NOT THE HILL INN as we've stayed there & like it already  

We are after:
Good walking location
Good pub / food ( must like dogs)
not too noisy

thanks

Kel & Cat & Pushka


----------



## greenasthegrass (Oct 27, 2007)

We are going to Leyburn this weekend on a CS or CL whichever they are called with C&CC - its a farm right in the centre wanted to go to Forbidden Corner but blinking thing is closed.

So can't tell you what its like yet (the site) but Leyburn is lovely and very dog friendly!

Greenie


----------



## Grizzly (May 9, 2005)

We liked:

CC Wharfedale

Very peaceful, lots of walks, a good pub - though I don't know their policy on dogs and a friendly site.

G

Stop Press; I've just looked for the link to the pub near the entrance to the site to see if it gave any idea about dogs and found this:

http://www.gamekeeperinn.co.uk/

It has ceased trading !

G


----------



## Broom (Oct 8, 2007)

Hi Kelcat

Grizzly has it my favourite local site CC Wharfedale, look on the map its like a clover leaf of walks.

Sorry Janet only one walk from Leyburn.

Best Regards
Broom


----------



## trevorf (May 16, 2005)

Try the CL site at Settle, Quiet farm site with hardstandings 5 mins walk from town centre. Loads of good pubs.
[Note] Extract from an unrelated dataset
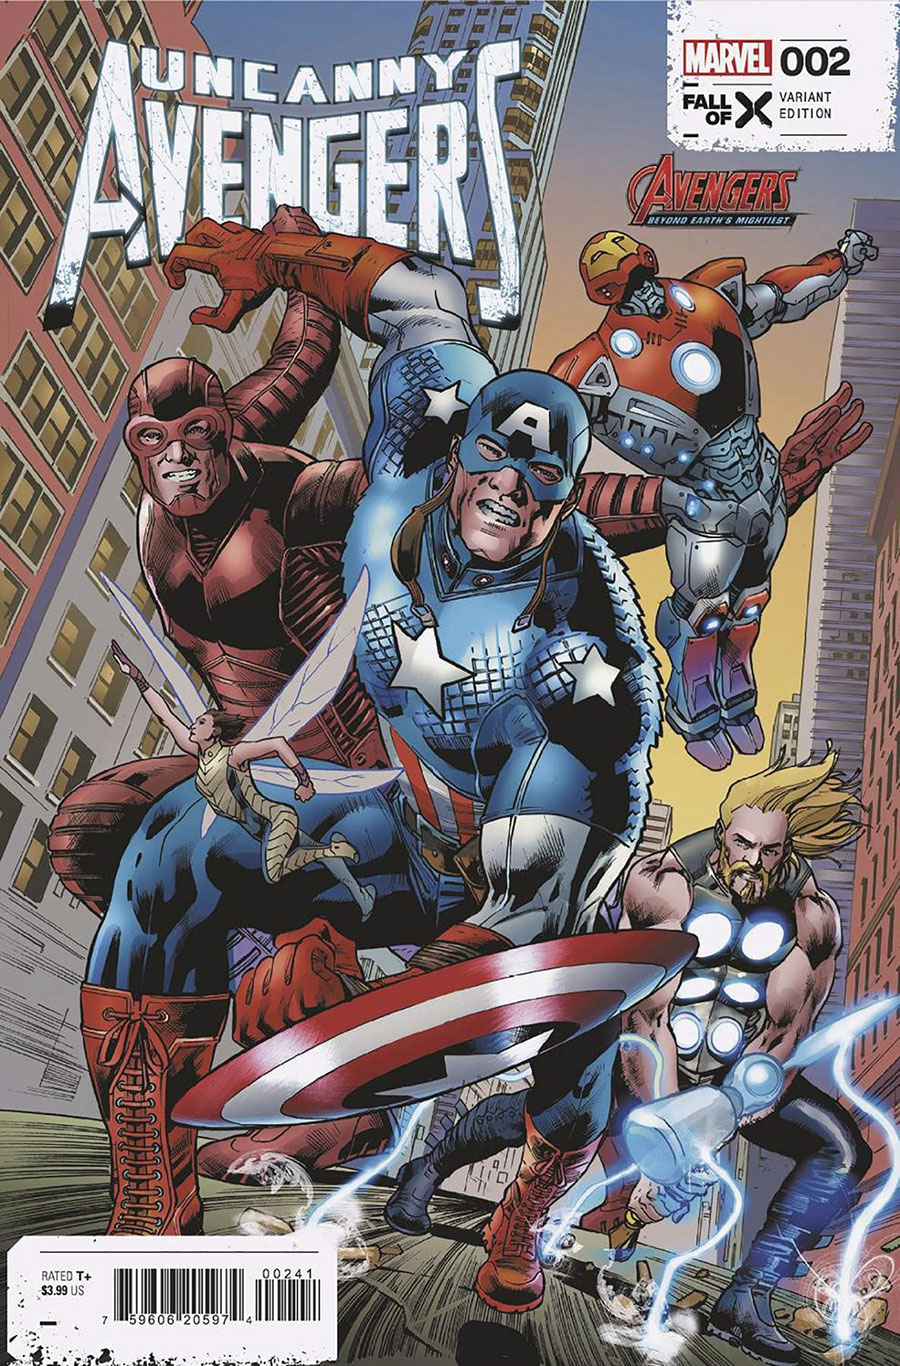 Uncanny Avengers Vol 4 #2 Cover B Variant Bryan Hitch Avengers 60th Anniversary Cover (Fall Of X Tie-In)

Get the bus to Malham and walk back via Malham cove. Train station is even closer than the town, ride into Skipton or Carlisle via Ribbleshead viaduct.
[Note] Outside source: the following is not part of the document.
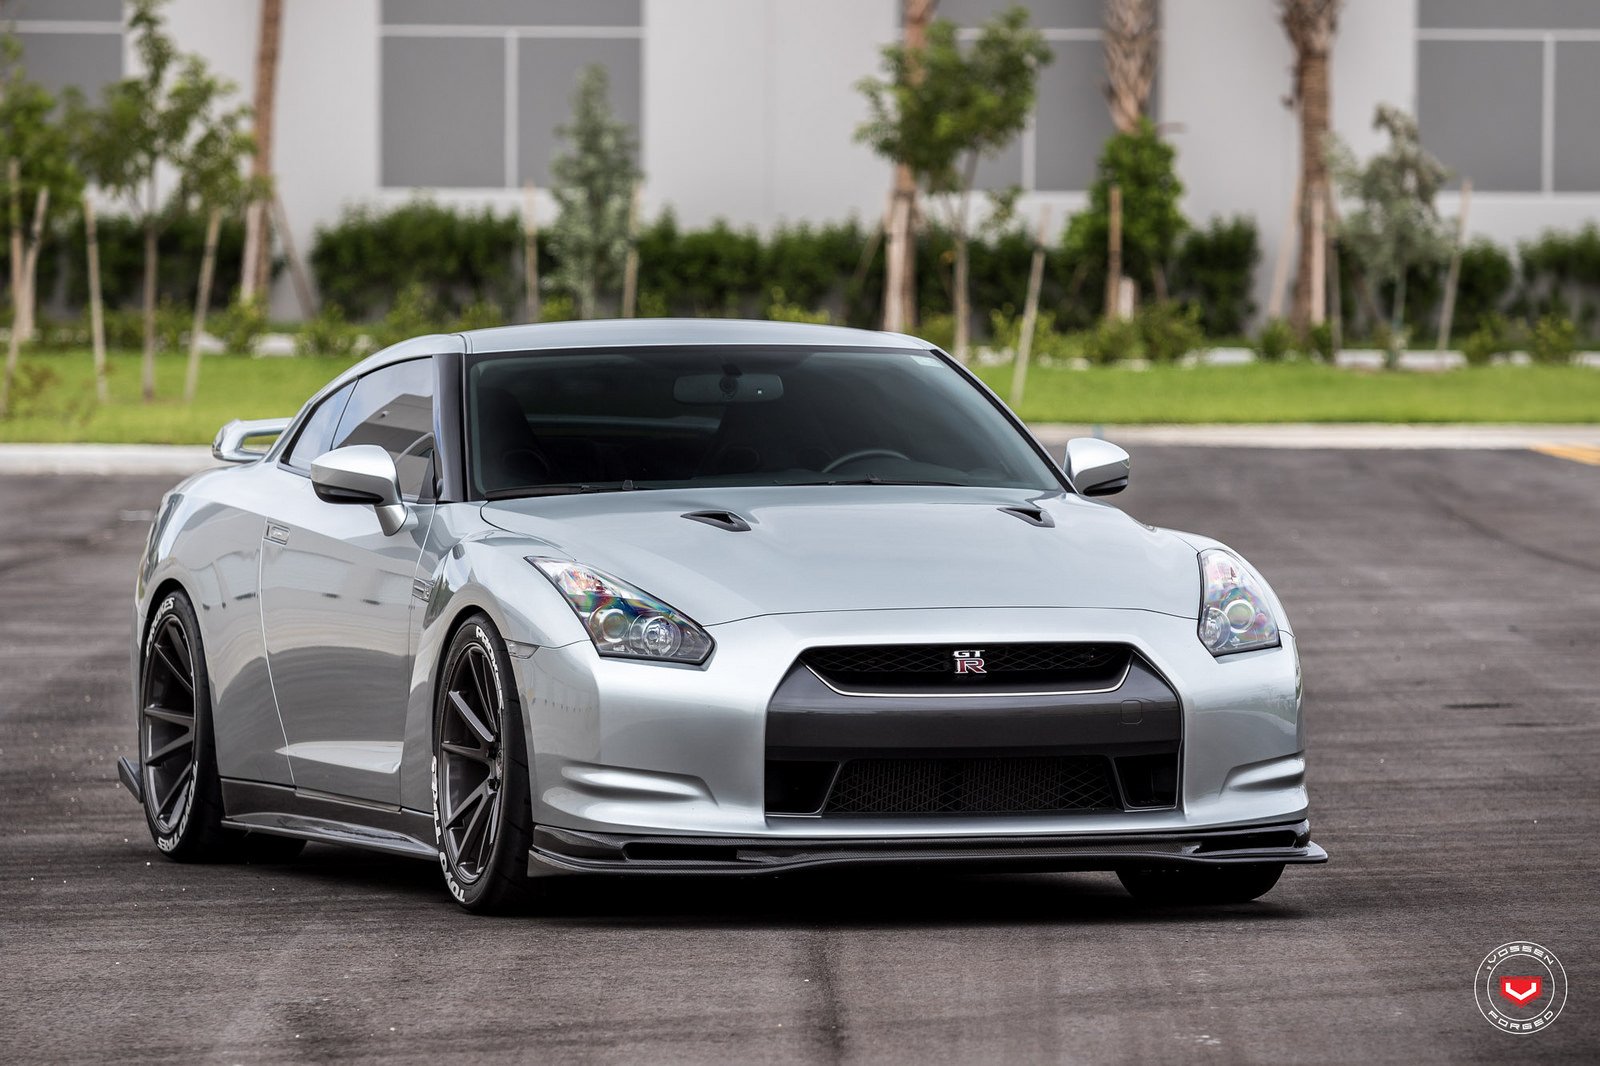 nissan, R35, Gt r, Vossen, Wheels, Cars, Coupe, Godzilla, Silver Wallpapers...

Strid wood CC site is nice but a long walk from any pub or village!

Grizzly, gutted out the Gamekeeper closing, we have enjoyed good meals and ale there in the past   

Trevor


----------



## greenasthegrass (Oct 27, 2007)

oooh didn't know it was a competition but am only a novice. Shall go to others as well - good post Kelcat!

Brooooom -------------one walk is enough!

Greenie :lol: :lol:


----------



## Kelcat (Apr 20, 2008)

More please.... :lol:


----------



## buffallobill (Sep 28, 2007)

Kelcat said:


> More please.... :lol:


 the black swan , at fearby near masham, www.blackswanholiday.co.uk
campsite behind pub, showers toilets, ehu more info on web site.
very obliging landlord.


----------



## 113044 (Jun 6, 2008)

High Laning farm in Dent,, river-side walks from the site and hill walks in every direction and choice of pubs within three hundred yards,,,,,,,, and some other sites outside the village and along the valley.

Hawes,, several sites around this bustling little township,,,pubs, a few nice little shops,, nice chip shop


----------



## Alfa_Scud (Sep 27, 2006)

Well I'll second Boyo's High Laning at Dent, a cracking site in a superb spot. Only problem being it is all grass, albeit with matting underneath so you need to be careful in this weather!

Also try WoodEnd campsite at Austwick, about 1 mile from the village itself, but straight into the fields & onto the footpaths to Clapham, Horton in Ribblesdale etc.

And there's also Knight Stainforth site at Stainforth, about a 3 mile riverside walk to Settle & 1/2 mile to Stainforth itself for the pub!


----------



## barryd (May 9, 2008)

*Aysgarth*

If you fancy a free night there are a couple of spots at Aysgarth falls. I believe you can park at the pub if you ask permission but we stopped one night here and it was lovely.

http://www.wildcamping.co.uk/forums/showthread.php?t=5323

Have a great time!
Barry


----------



## cravenoxav (Nov 12, 2008)

*old station at masham*

just outside masham less than a mile. has its own cafe / restaurant on site too....


----------